To the Editor
We have read with interest the article by Zhao et al1 on a 21 years-old male with Kearns-Sayre syndrome (KSS) due to the novel variant c.170G>C in SLC25A4 which led to depletion of the mitochondrial DNA (mtDNA) to 18.7%.1 The patient presented phenotypically with progressive dysarthria starting from age 13, cerebellar atrophy from age 17, and ptosis and ophthalmoparesis from age 19.1 The study is attractive but raises concerns that should be discussed.
We disagree with the diagnosis KSS. Kearns-Sayre syndrome is diagnosed based on the phenotype. The prerequisite for the diagnosis is the presence of the 3 main clinical features (progressive external ophthalmoplegia, onset <20y, pigmentary retinopathy) and at least one of the features cerebrospinal fluid (CSF) protein >100mg/dl, cardiac conduction defects, or cerebellar dysfunction.2 Interestingly, the patient did not present with pigmentary retinopathy, or heart block. Additional phenotypic features include hypoacusis, PNS involvement, short stature, growth hormone deficiency, lactic acidosis, facial dysmorphism, hypoparathyroidism, emesis, aortic insufficiency, subaortic septum hypertrophy, right bundle-branch block, and white matter lesions.2 None of these additional features were present in the index patient. It was not possible to assess whether the cerebrospinal fluid (CSF) protein was elevated because reference limits were not given in Table 2.1 Since the patient did not have all three central phenotypic characteristics, and manifested additionally only with cerebellar dysfunction, the diagnosis KSS remains speculative. Since SLC24A4 variants usually cause mitochondrial depletion syndrome (MDS) and KSS is usually due to single mtDNA deletions, single mtDNA duplications, or mtDNA point mutations, the index patient should be diagnosed with MDS, with a KSS-like phenotpye rather than as KSS. Mitochondrial depletion syndrome due to SLC25A4 variants phenotypically manifests with epilepsy, cognitive dysfunction, encephalopathy, cerebral atrophy, white matter lesions, cataract, cardiomyopathy, arterial hypertension, myopathy, or scoliosis.3 Which of these manifestations were found in the index patient?
We disagree with the statement in the abstract that KSS is a subtype of progressive external ophthalmoplegia (PEO).1 Though PEO may evolve into KSS over time,4 both disorders are distinct syndromic mitochondrial disorders (MIDs).

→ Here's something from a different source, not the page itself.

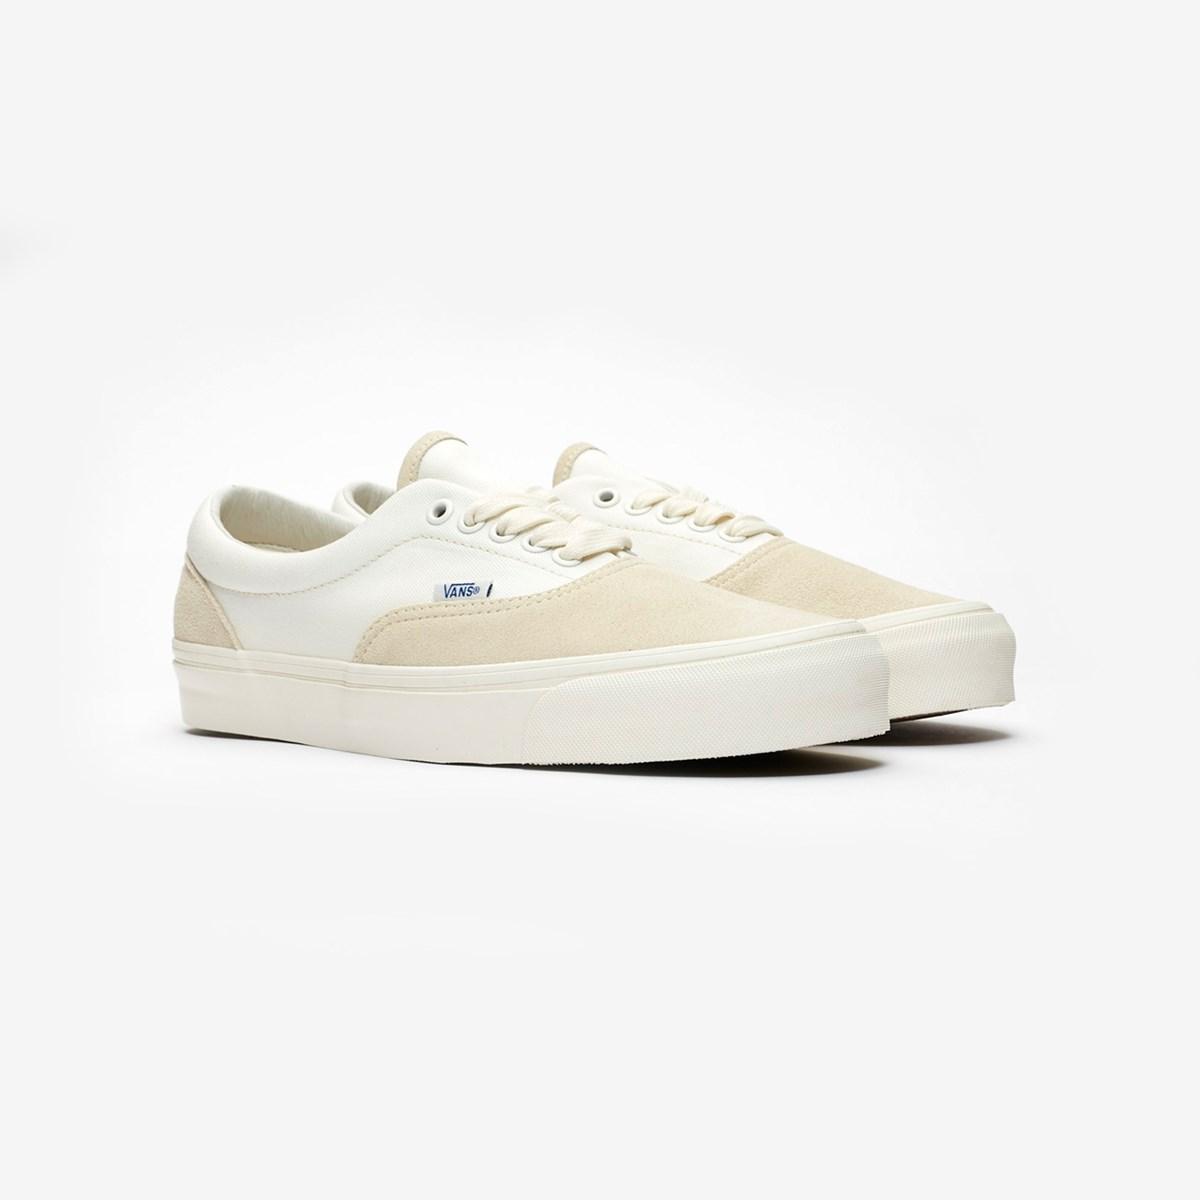 d17a64c7008 Vans OG Era LX - Vn0a3cxnvqs - Sneakersnstuff

A shortcoming of the study is that the mtDNA was not sequenced to know if there were single or multiple mtDNA deletions or an mtDNA point mutation.
There is a discrepancy between case description and discussion. In the first paragraph of the discussion the patient is described with diffuse, retinal depigmentation, which is not described in the case description or in Table 1. This discrepancy should be solved.

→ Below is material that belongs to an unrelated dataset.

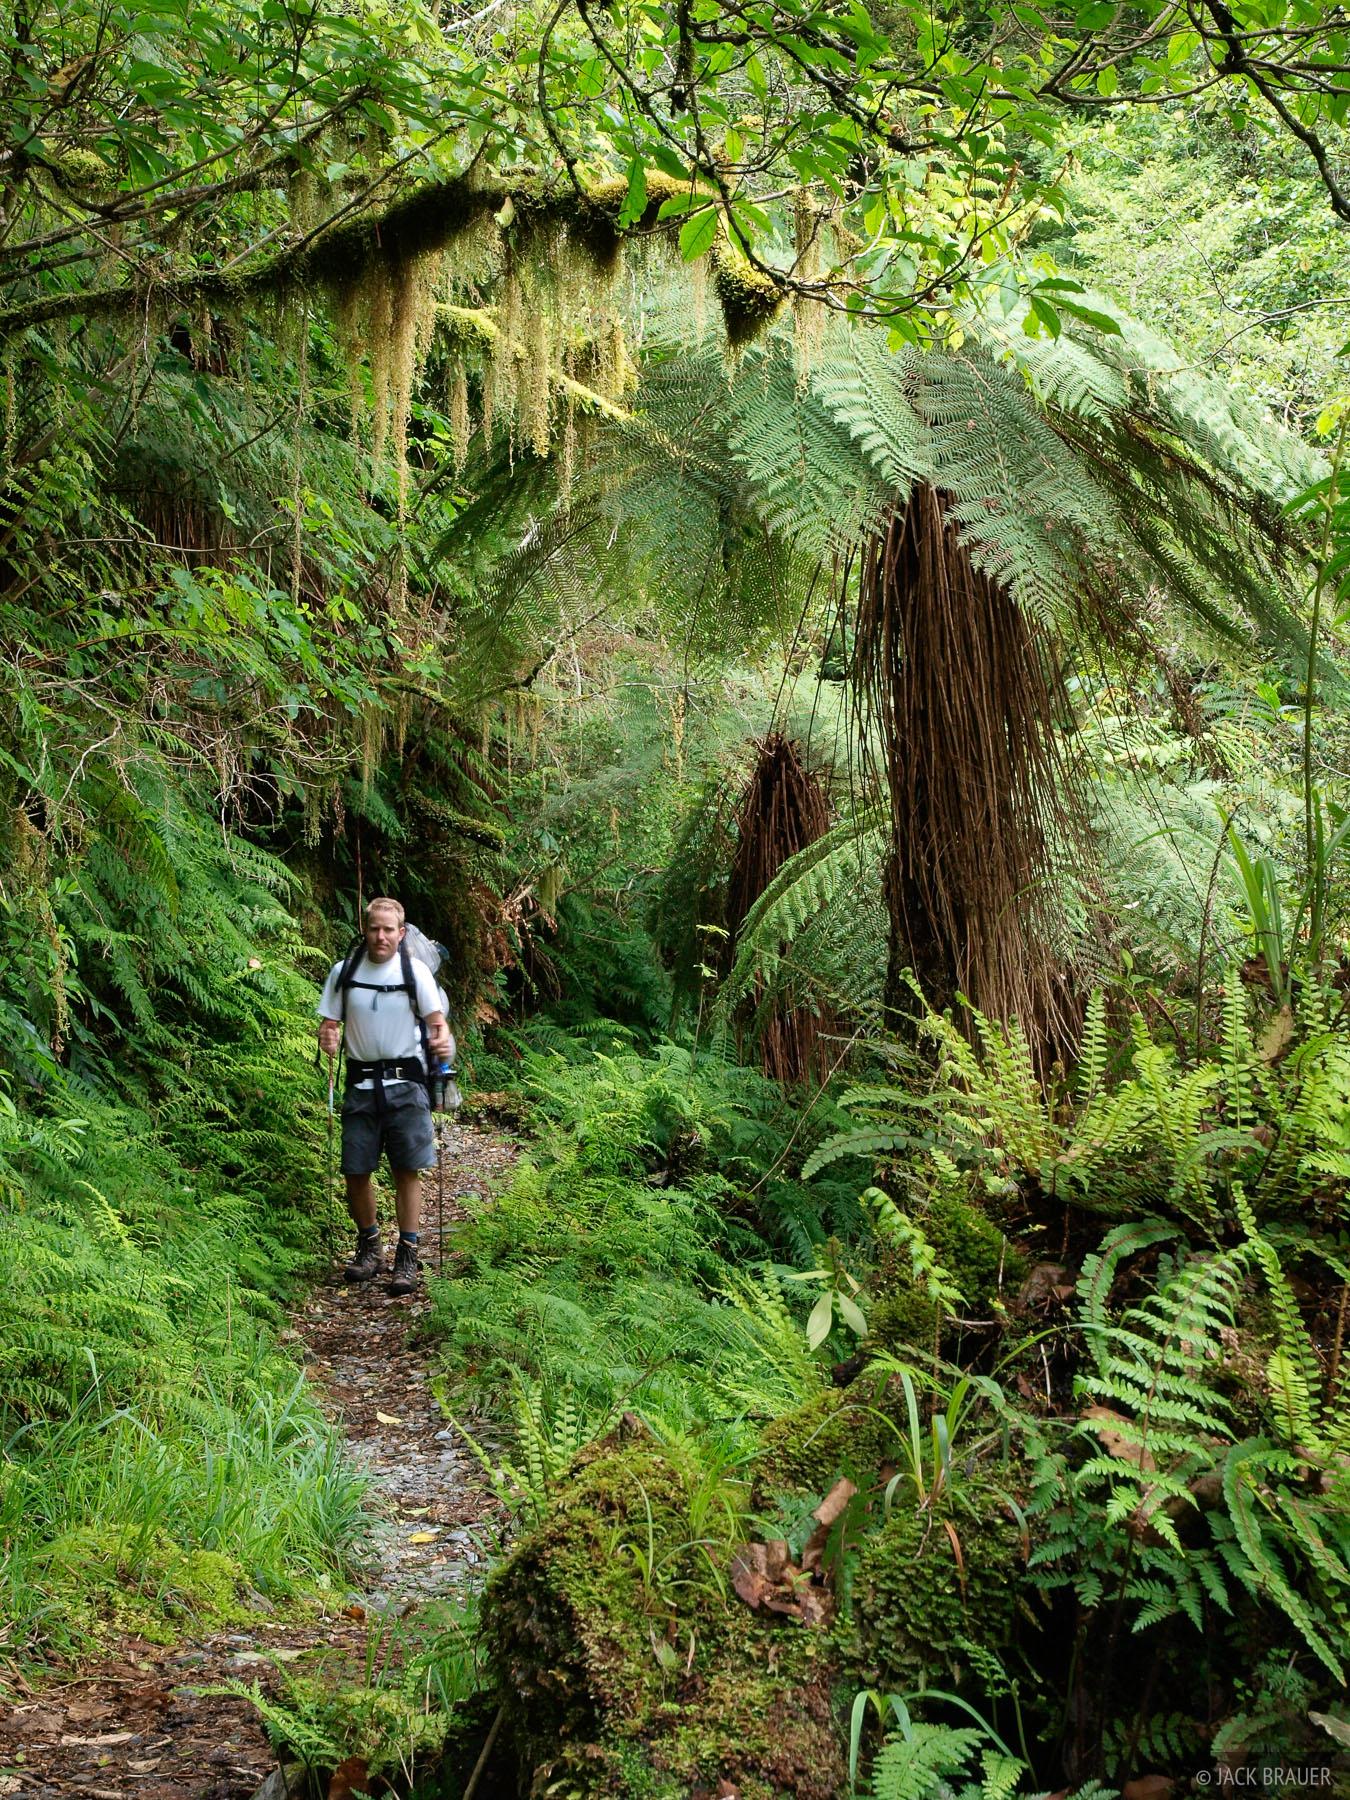 New Zealand, Copeland Track, hiking, photo

The wording in the abstract “only when the proportion of mutations in the SLC25A4 gene reach a certain degree” is not comprehensible and the meaning should be clarified.
We do not agree with the statement that cerebellar atrophy has not been previously reported.1 Cerebellar atrophy has been repeatedly reported5,6 and may be even asymmetric as in the index patient.
Overall, the interesting study has some limitations and inconsistencies that call the results and their interpretation into question. Addressing these limitations could further strengthen and reinforce the statement of the study. SLC25A4 variants cause MDS which may manifest with a KSS-like phenotype. Kearns-Sayre syndrome is a mitochondrial syndrome due to single mtDNA deletions or mtDNA duplications.